SPACE SHUTTLE COLUMBIA CRASH
SPACE SHUTTLE COLUMBIA CRASH. The Space Shuttle Columbia, also known as OV-102 (Orbiter Vehicle-102), was the National Aeronautics and Space Administration’s (NASA’s) first reusable space shuttle and one of five shuttle vehicles that flew in the thirty years that the United States operated shuttles from1981 to 2011. After completing twenty-seven successful missions, including its inaugural flight STS-1 on April 12, 1981, it suffered a catastrophic breakdown during its tragic twenty-eighth and final flight (STS-107) which culminated in the vehicle’s break-up while reentering Earth’s atmosphere on February 1, 2003, and the loss of all seven astronauts aboard.
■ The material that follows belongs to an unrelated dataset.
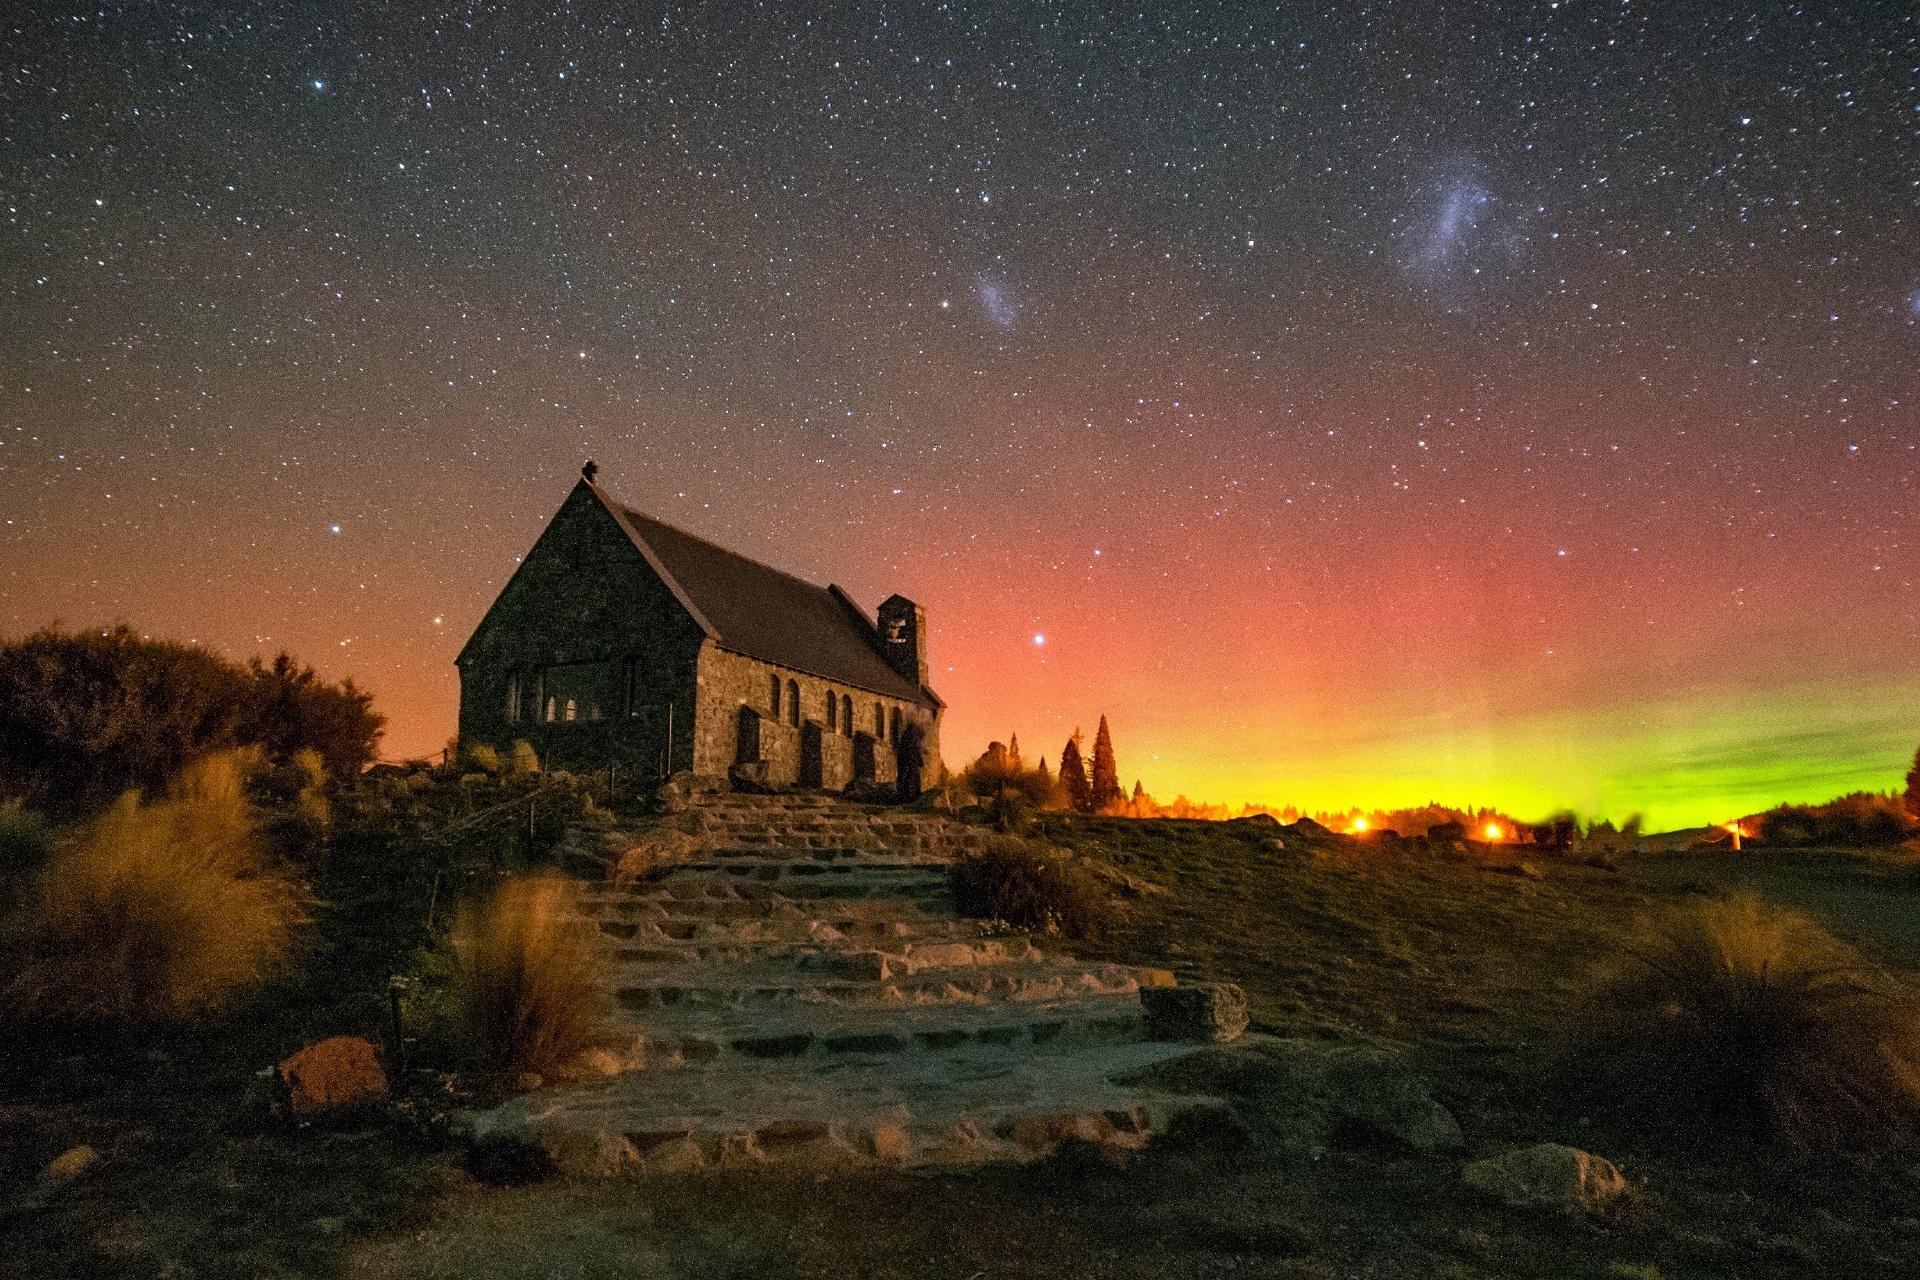 グッド・シェパード教会とオーロラの風景 ニュージーランドの風景
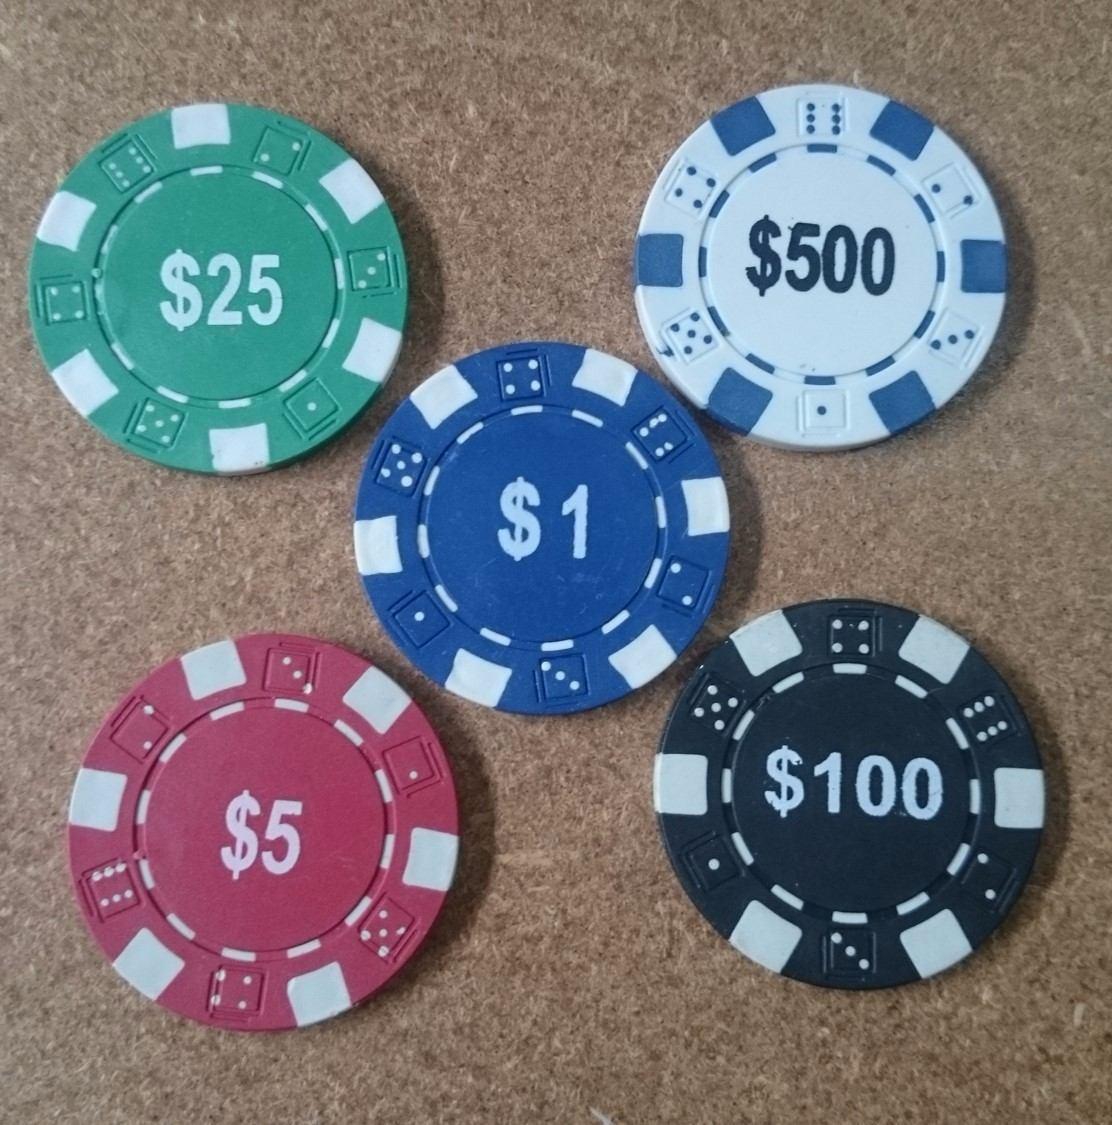 Cual es el valor de las fichas de poker chris keith procter and gamble

Columbia’s first mission, STS-1, spent three days in space with Commander John Young and Pilot Robert Crippen, marking the first usage of a winged, manned spacecraft to achieve orbit and then land. Many notable accomplishments were achieved by Columbia, including carrying Spacelab into orbit in November 1983 (mission STS-9), a flight which also carried the first European Space Agency astronaut into space. Columbia also transported the first female Japanese astronaut into space in 1994. In 1999 Columbia deployed the Chandra X-ray Observatory.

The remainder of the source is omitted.